86. In the fitness of things, therefore it would not be appropriate to interfere with the constitution of the IC at the threshold, when it is yet to furnish a final report which is to be acted upon and taken to a logical conclusion by the State Government. We expect and hope that the Sole Member Inquiry Commission shall respect the expectations placed upon it by us in the preceding paragraphs and provide a room for consideration of grievances of all the aggrieved parties. Therefore, we accede to the submissions of the learned AG that without letting the IC complete the responsibility assigned to it, its constitution could not have been scuttled at the threshold. On this ground also we are inclined to observe that the learned Writ Court ought not to have interfered with the constitution of the IC.
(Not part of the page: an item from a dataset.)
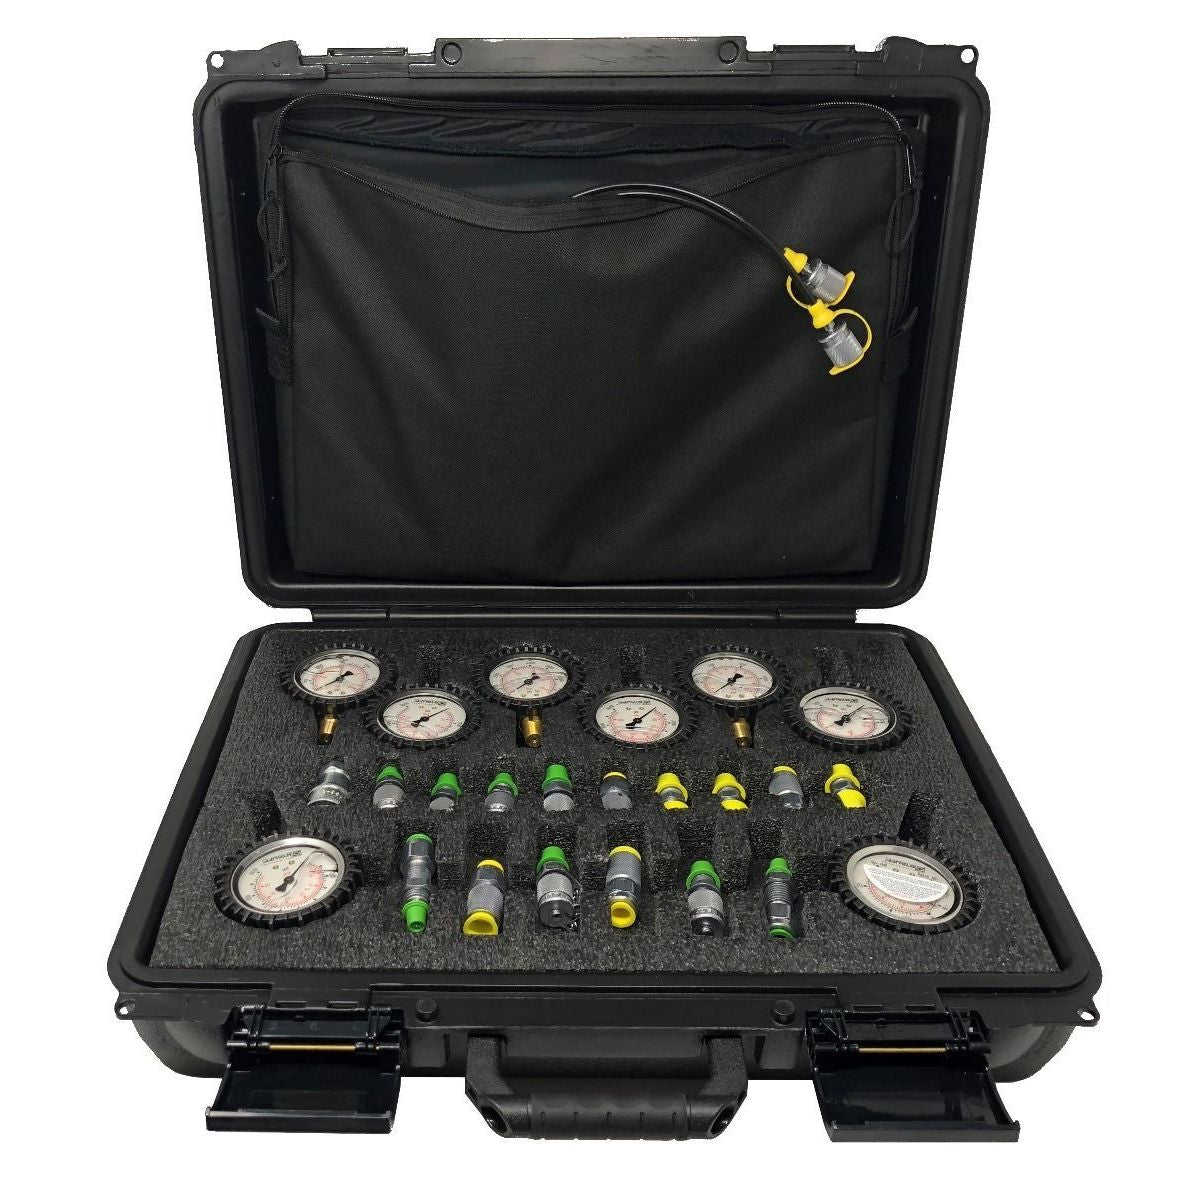 SMB-20-E1-8 : Stauff Complete 8-Gauge Test Kit with Carrying Case

K. CONCLUSIONS AND DIRECTIONS:-

87. In view of the discussion and the findings recorded above, this Court, therefore, returns the following conclusions:

a.  The judgment of the learned Single Judge is set aside,  whilst affirming the legality and validity of the impugned notification issued under the provisions of the COI Act, being notification dated 27.11.2024 issued by the GOK/State Government, if it deems so would be at liberty to proceed with the implementation of the recommendations and report of the said IC in accordance with law;

b. The OWP’s do not possess the locus standi to have instituted the writ petition before the Single Bench, which clearly ought not to have been entertained at their instance.
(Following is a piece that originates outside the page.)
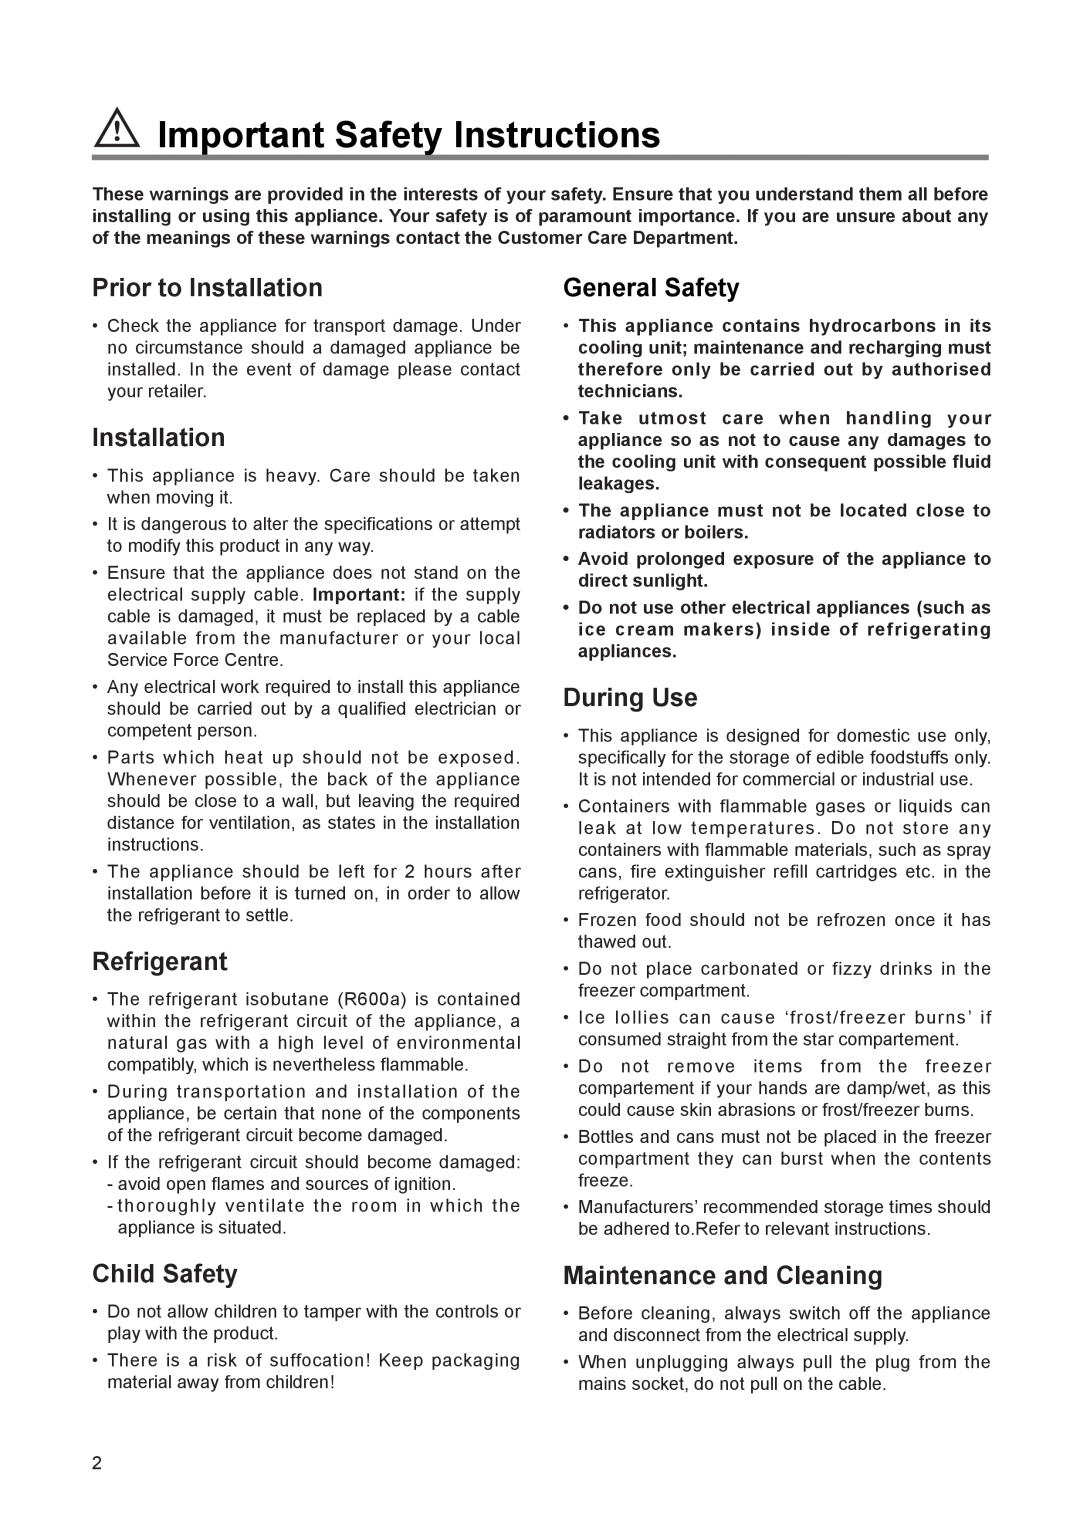 Zanussi ZI 9224 manual Important Safety Instructions, Prior to Installation, Refrigerant, General Safety, During Use

c.  The  endowment  deed  of  1950  never  intended  to  create  any ‘permanent dedication in favour of the Almighty God’, but was simpliciter a gift deed in favour of R5 Farooq Management and therefore could have never qualified as a ‘waqf deed’ under any of the enactments of the Waqf Act 1954, 1984, or 1995.
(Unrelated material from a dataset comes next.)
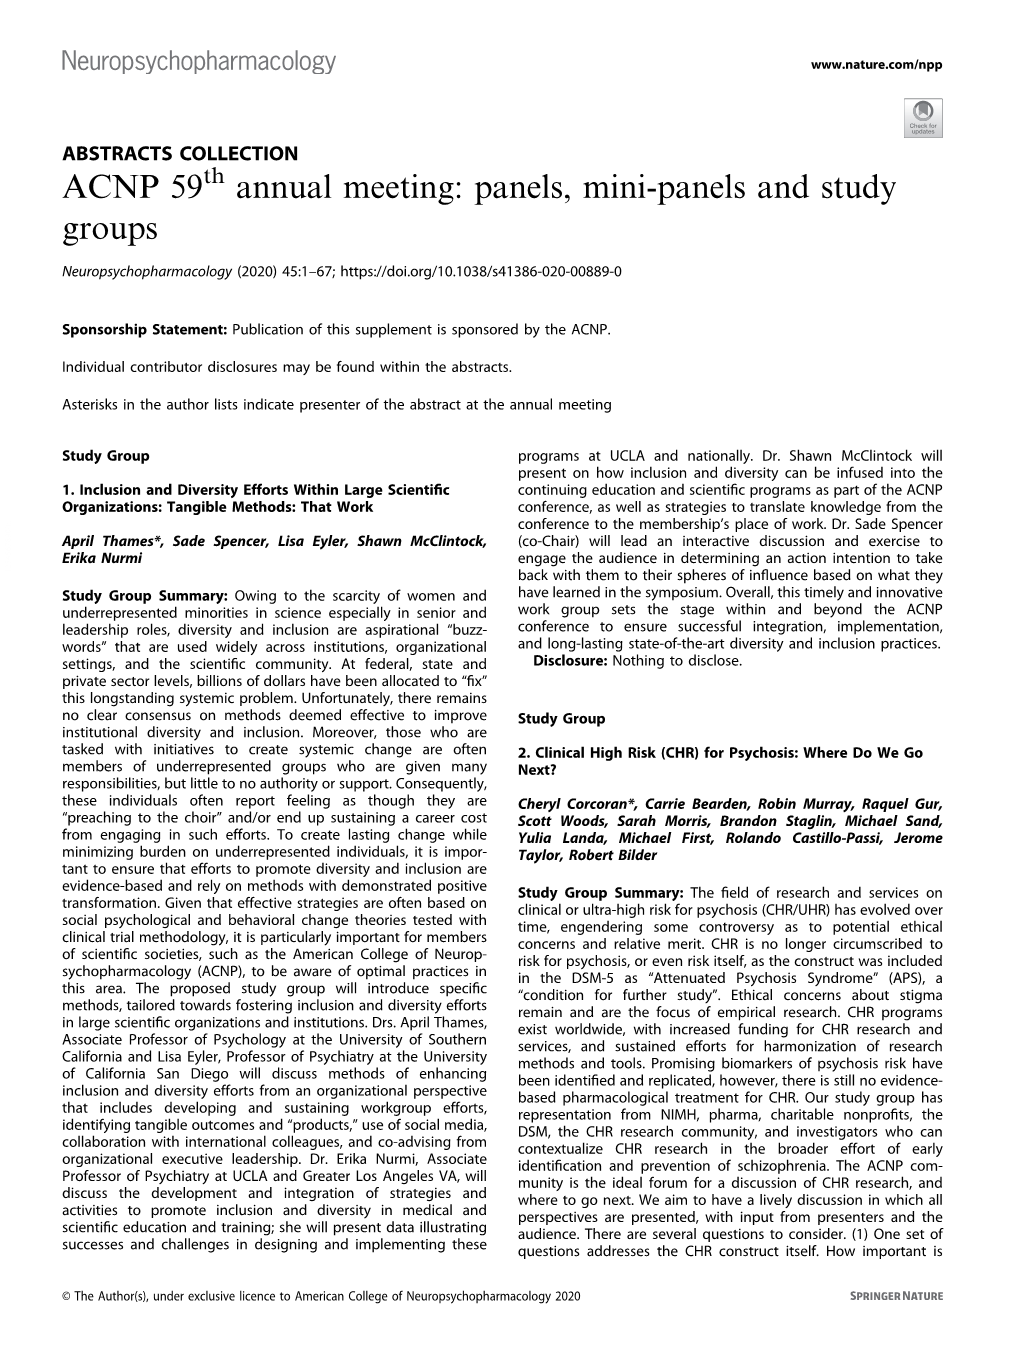 ACNP 59Th Annual Meeting: Panels, Mini-Panels and Study Groups

d. The Writ Court can always examine on the basis of unimpeachable and admitted documents as to whether a deed/document or a property classifies as a waqf deed or not on the basis of its recitals and clauses. Merely because the nomenclature of the subject deed of 1950 was a waqf endowment, will not clothe it with the said character, in view of the express authorization of absolute transfer and ownership; and in view of the absolute vesting of rights of transfer/sale and ownership in the hands of R5 Farooq Management;

e. The Writ Court can go into the questions of ascertaining whether the KWB has as a statutory body acted fairly, reasonably, and in compliance of the statutory provisions and even hold its action illegal, despite the availability of an alternative remedy before the Waqf Tribunal under the provisions of the Waqf Act, 1995 in the application moved by the State Government for surcharge purposes; with the rider that no disputed facts are on record which are to be proved only on the basis of evidence.

f. The action of the KWB of declaring/registering the subject property as a waqf property through its declarations and orders issued in September and October 2019 are bad in law on the grounds of being unreasonably delayed and having been issued in palpable violation of the provisions of the Waqf Acts 1954, 1984, and 1995 and resultantly non-enforceable. However, we restrain ourselves from issuing a formal order of quashing them, since the purpose of returning all the above findings is just to hold that the State Government is not bound by such highly belatedly issued declaration by the KWB after 7 decades (69 years);

g. For want of compliance with mandatory procedure and provisions of the Waqf Act, 1954 and 1995, especially the carrying out of a survey, the conducting of quasi-judicial inquiry, followed by a reasoned comprehensive report being forwarded to the State Government and for want of publication in the official gazette clearly, the subject property could never have been classified as a waqf property and it cannot bind the State Government restraining it from constituting any IC for conducting inquiry and submitting a report;

 

Both the appeals are accordingly allowed in terms of the aforesaid conclusions and directions.